そんな事をぼんやり考えていた時に、「答えのない世界を生きる」(小坂井敏晶著)に納得の記述があったので、抜粋してみる。
《以下引用》
我が子を失って悲嘆にくれる若い母の物語が仏教にある。
「赤ん坊を生き返らせて欲しい」母親は会う人ごとに訴えていた。人々は同情し、「ガウダマ・シッタールダと言う高僧に頼めば、奇跡を起こしてくれるかもしれない」と勧める。気を取り直した母親は、死んだ子を抱いて釈迦に会いに行く。「それは気の毒な話だ。赤ん坊を生き返らせてあげよう。村へ帰って芥子の実を2、3粒もらってきなさい」彼女は喜んで走り去ろうとする。その時、釈迦は付け加える。「正しい芥子粒は、死者を1度も出したことのない家からもらって来なければならない。」半狂乱の母親にその心は計り知れない。

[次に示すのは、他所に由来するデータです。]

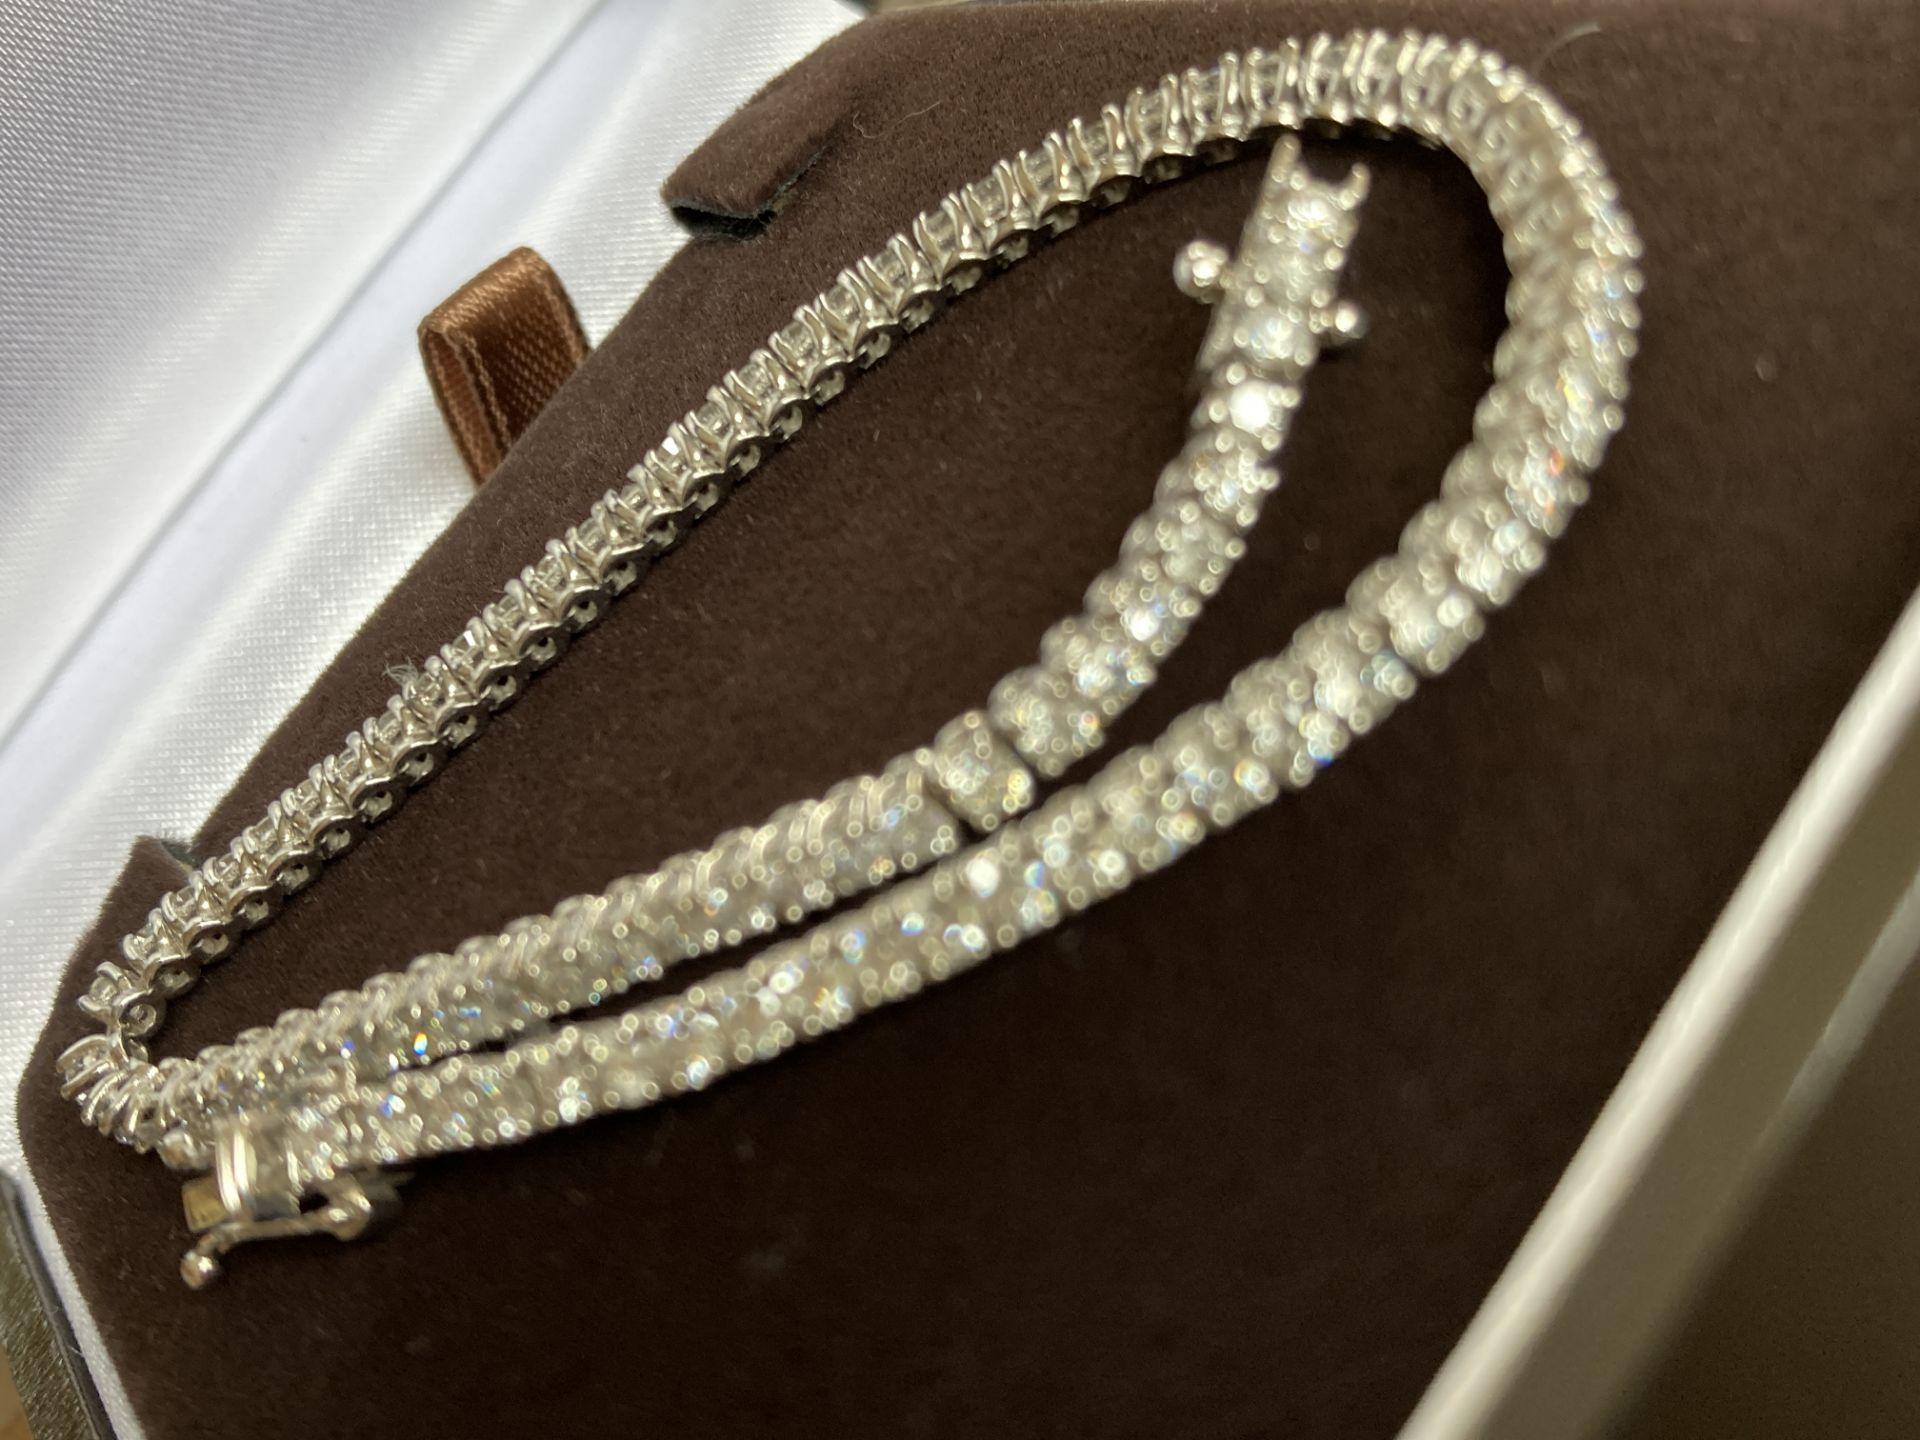 18CT WHITE GOLD 3.2-3.5CT DIAMOND TENNIS BRACELET - Image 3 of 7

村にとって返した彼女に、人々は喜んで芥子粒を差し出す。だが、第二の条件に対しては、「とんでもない。家では父や母だけでなく、娘もなくしている」そんな答えしか返ってこない。最初のうちは希望を捨てずに訪ね歩くが、家から家を駆け巡るうちに釈迦の言葉の意味がわかってきた。「生きとし生けるものは、いつか必ず死ぬ。」ほとんど村を回った頃には狂乱が消え去り、心の平安を取り戻したと言う。

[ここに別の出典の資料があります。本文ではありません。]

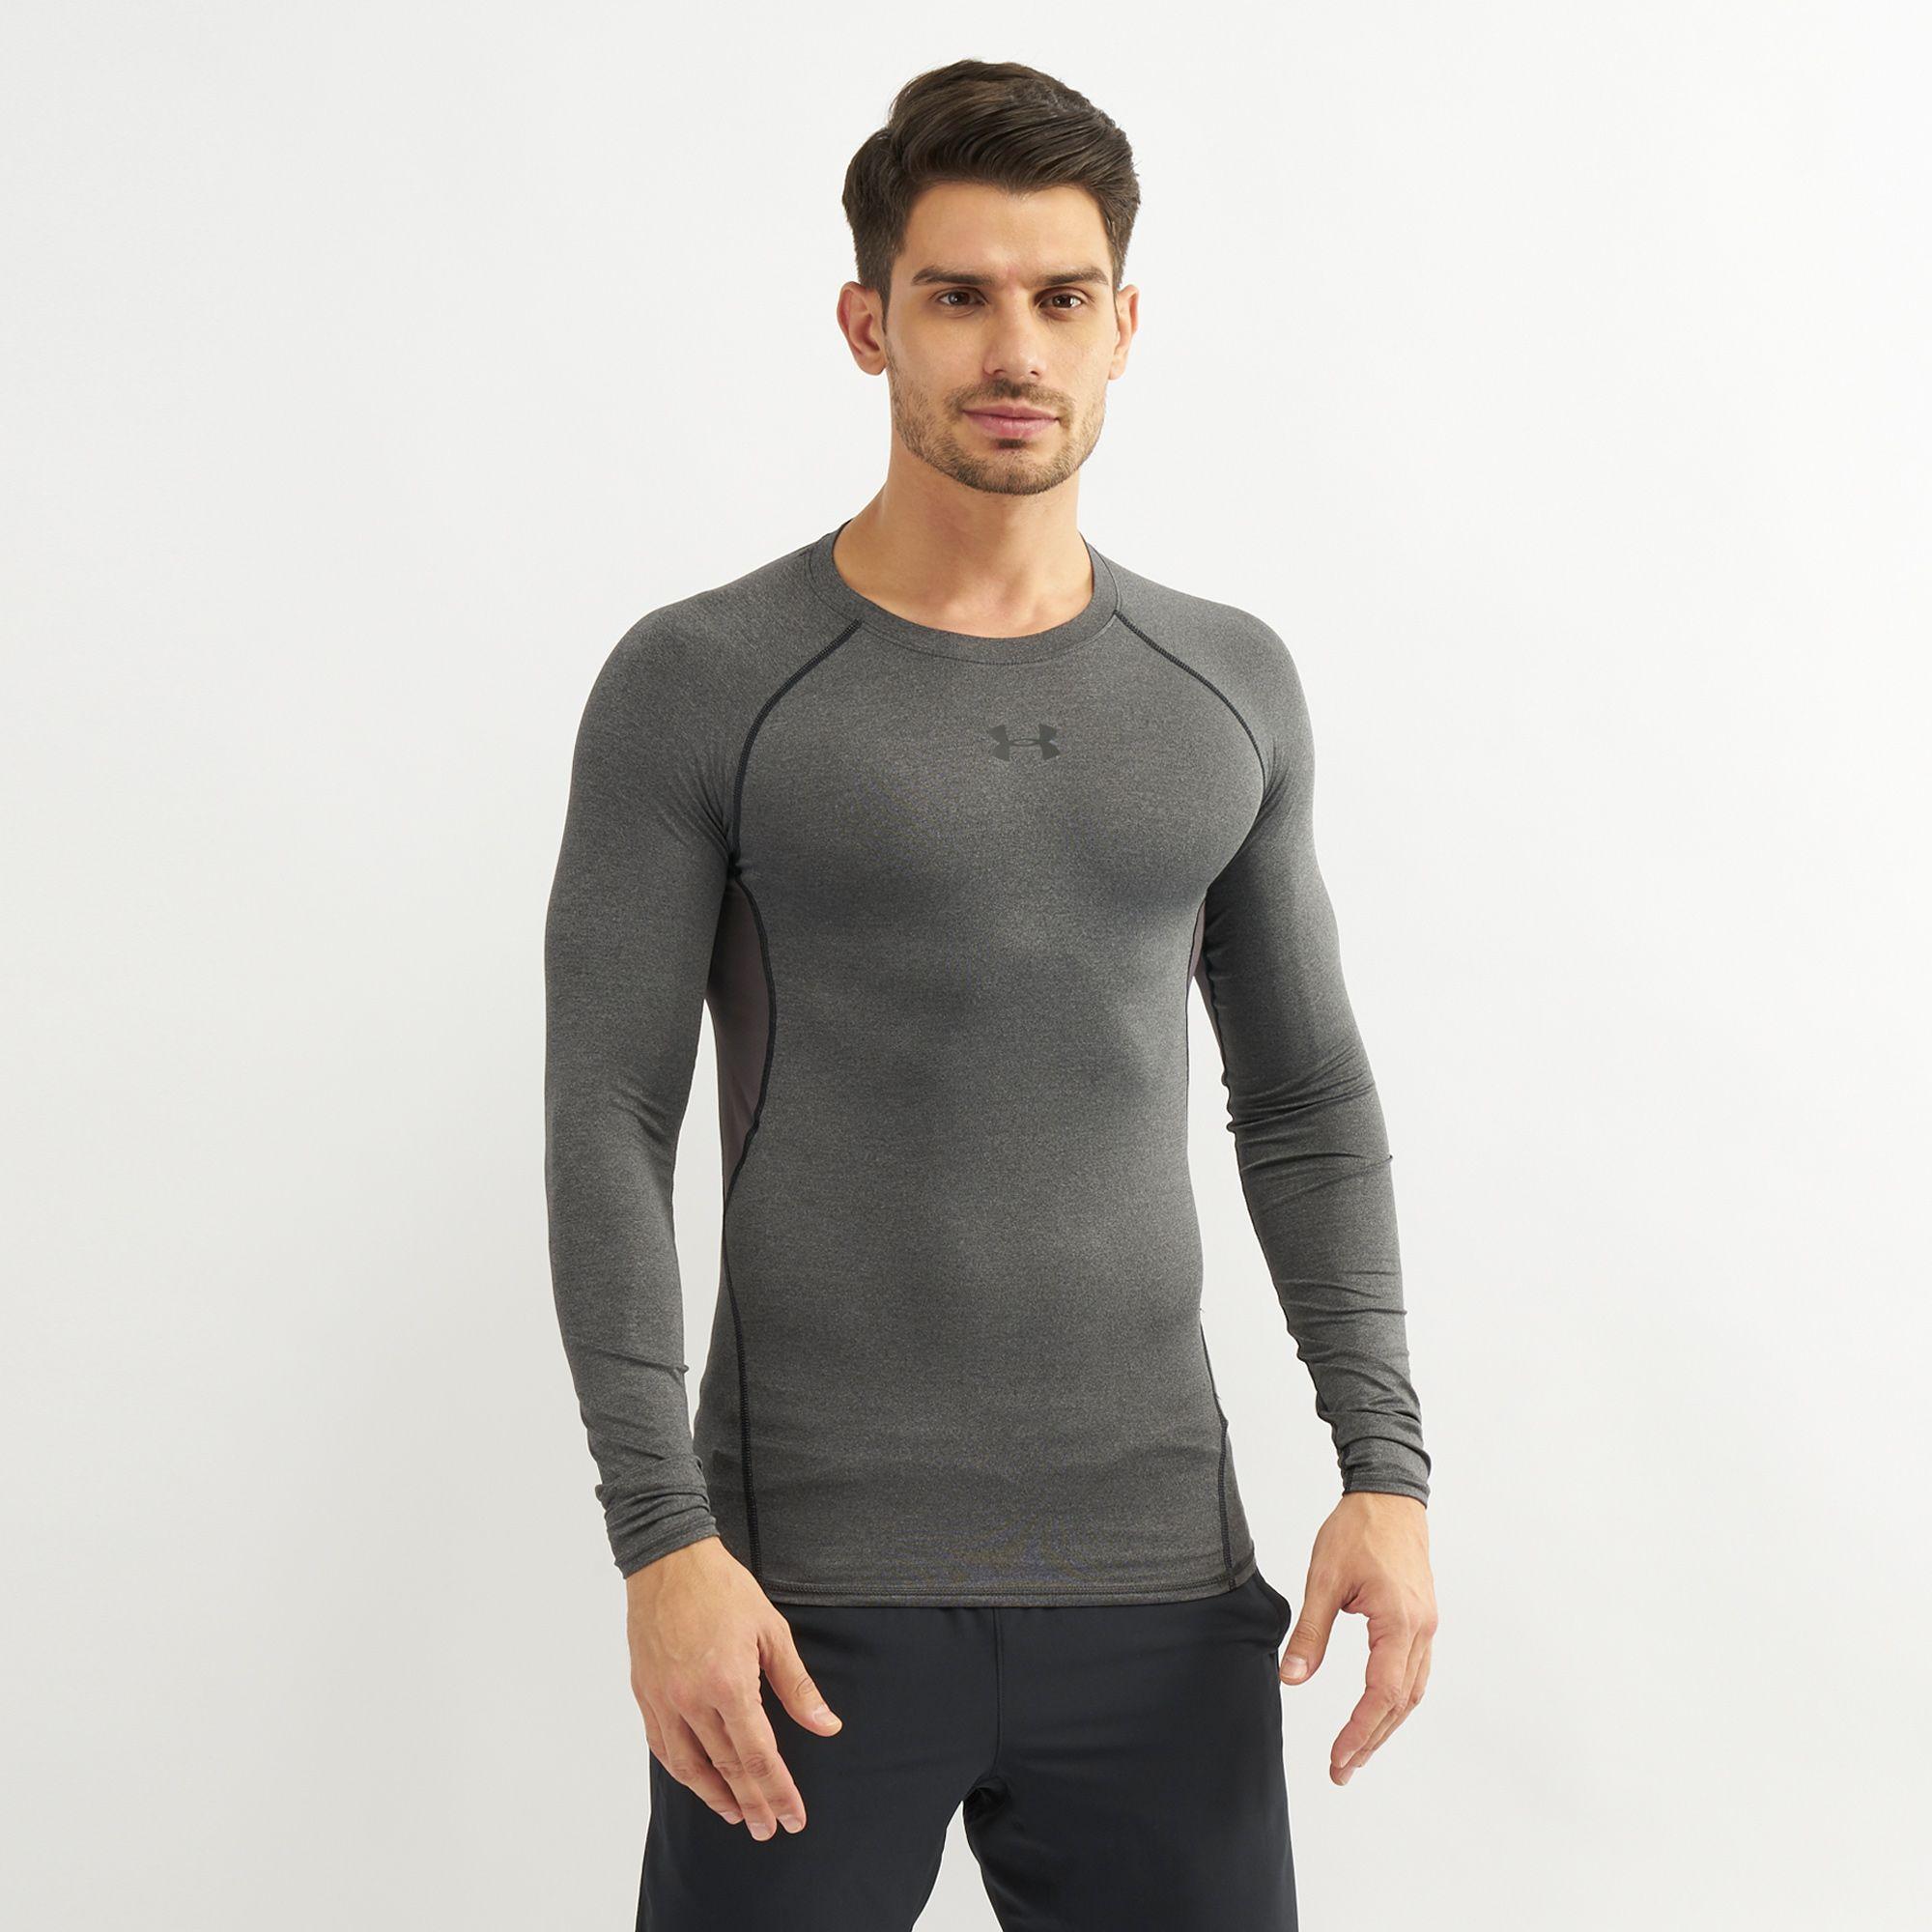 Under Armour Men's HeatGear® Armour Long Sleeve Compression T-Shirt

この逸話には重要な教訓が3つあり、(1)悟った後では、こんな当たり前のことが、どうしてわからなかったのかと当人を疑うほど、答えは自明である。(2)単に頭で考えるだけでは、答えに到達できない。実際に体を動かし、積極的に努力して初めて悟りが開く。そして最も大切な点、(3)求める救い、つまりこの復活を願う心が正しく問題を生んでいた。
答えこそが問題だった。無理な解決を諦めたとき、同時に苦悩が消え、救われる。昔の出した謎解きが袋小路から母親連れ出し、解放する。前の後半の同じ論理の仕組みだ。
《以上引用終わり》
論理だけでは、人はわからない。論理と感情。いや、感情で人は動く。相手に論理を受け入れる準備ができているのか、感情面でどんなサポートが必要なのか、なんと言葉をかけたらいいのか。
失敗は若いうちに沢山積んだほうがよく、行動のトライの試行回数が多い人が、どんどん成長していくのだろう。行動をどんどん重ねる事で、思考は研ぎ澄まされてきて、自分の置かれている状況も少し引いて見れるようになっていく。早めに行動&学びのサイクルを回すに越した事はないだろう。自分もそうしていこう、行動を恐れないようにしようと思った。